Point/voxel utilities

float32 point geometry and supported map/reduction type

Native coordinate kernels for quantization, maps, and interpolation.

Sparse algebra

Shared coordinate identity or explicit join policy

Native alignment helpers plus MLX feature arithmetic.

Convolution route equations

Relation convolution evaluates:

\[Y_{o,c_o} = \sum_{e \in \mathcal{E}: e_o=o} X_{e_i,c_i} W_{e_k,c_i,c_o}.\]

Pooling evaluates:

\[Y_{o,c} = \operatorname{reduce}_{e \in \mathcal{E}: e_o=o} X_{e_i,c},\]

where reduce is sum, max, or average. Average pooling divides by the sparse edge count for the output row.

Validation boundaries

The route selector validates public contracts before native execution:

  • Metal sparse convolution and pooling require int32 coordinates.

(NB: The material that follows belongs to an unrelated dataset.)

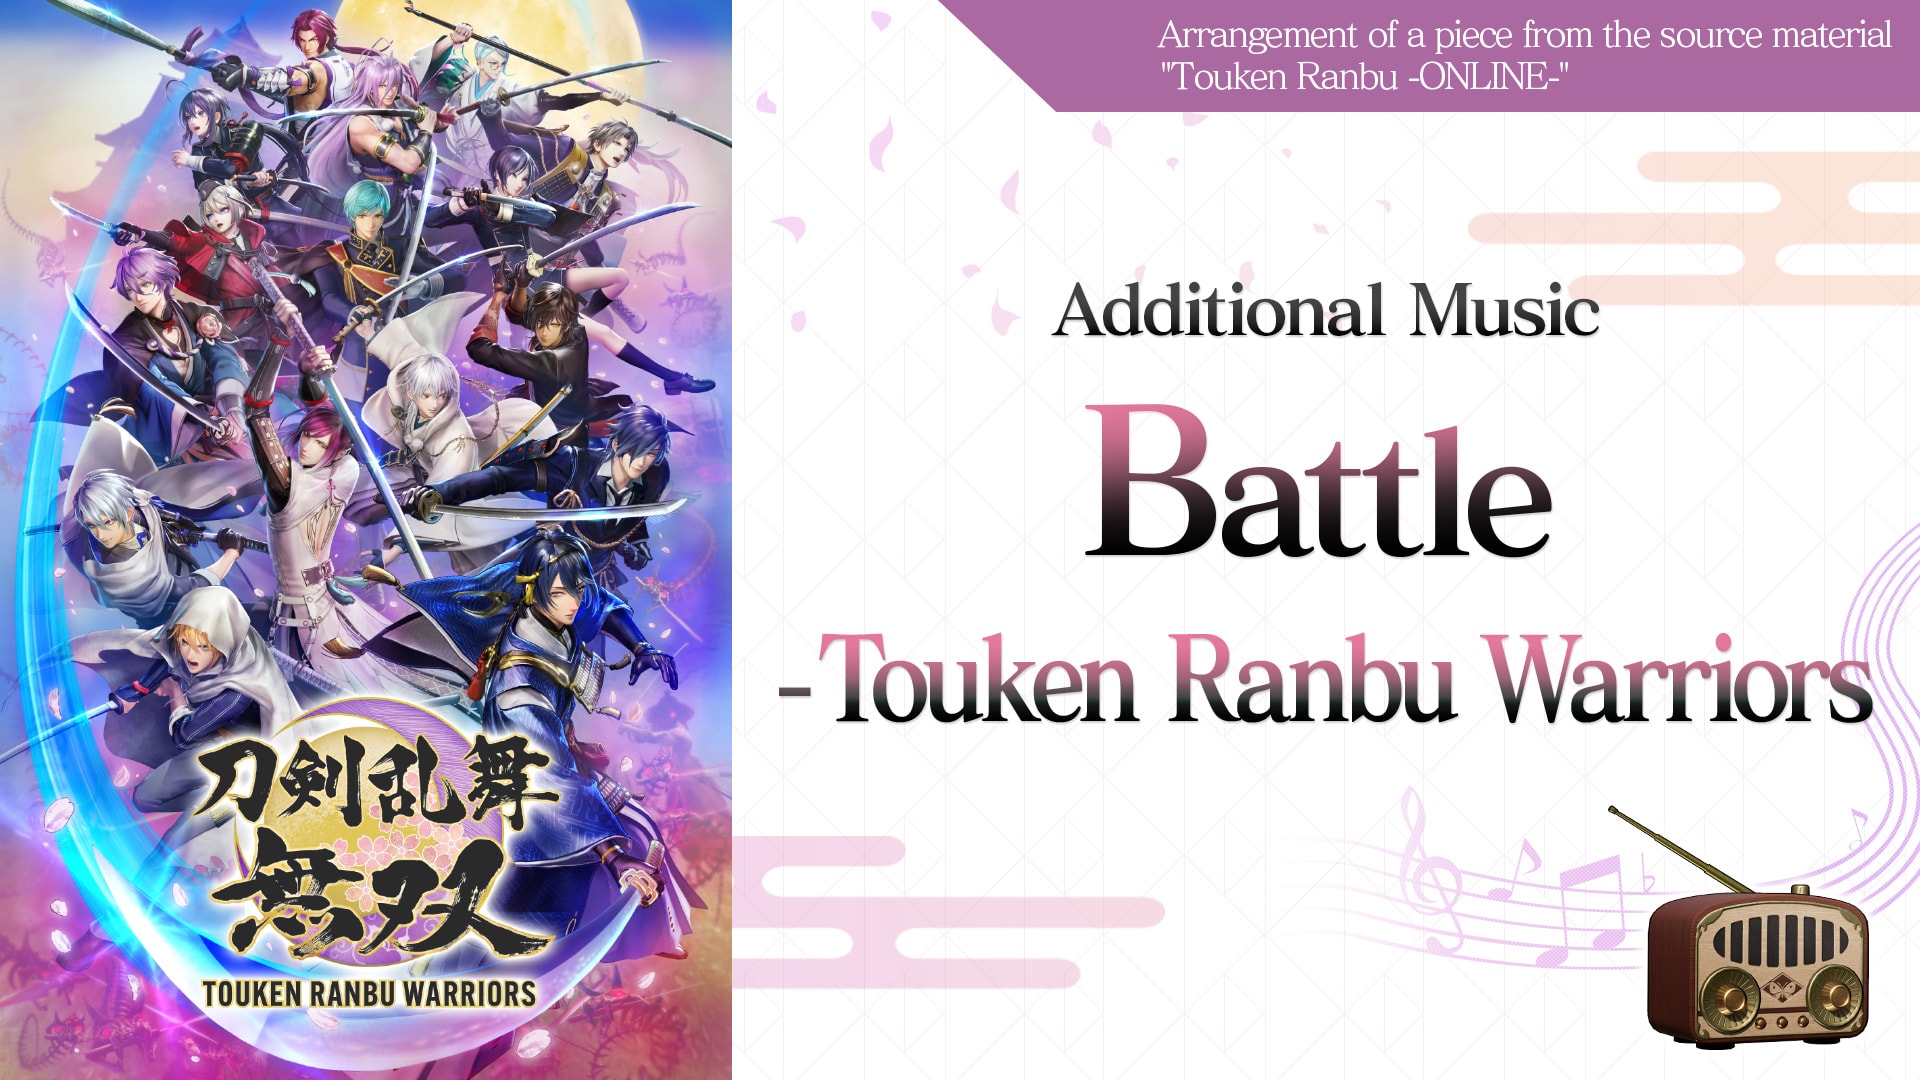 Additional Music "Battle - Touken Ranbu Warriors"

  • Floating convolution supports float16 and float32 feature/weight matrices on native routes.

  • Local pooling currently accepts float32 features.

  • Packed quantized convolution requires int4 or int8 packed uint32 weights, scale/bias arrays matching feature dtype, and group size in {32, 64, 128}.

  • Sorted fp16 implicit-GEMM routes require relation metadata that can produce the sorted implicit-GEMM view.

When a specialized route predicate fails, execution uses the more general route for the same public operation if the public input is otherwise valid.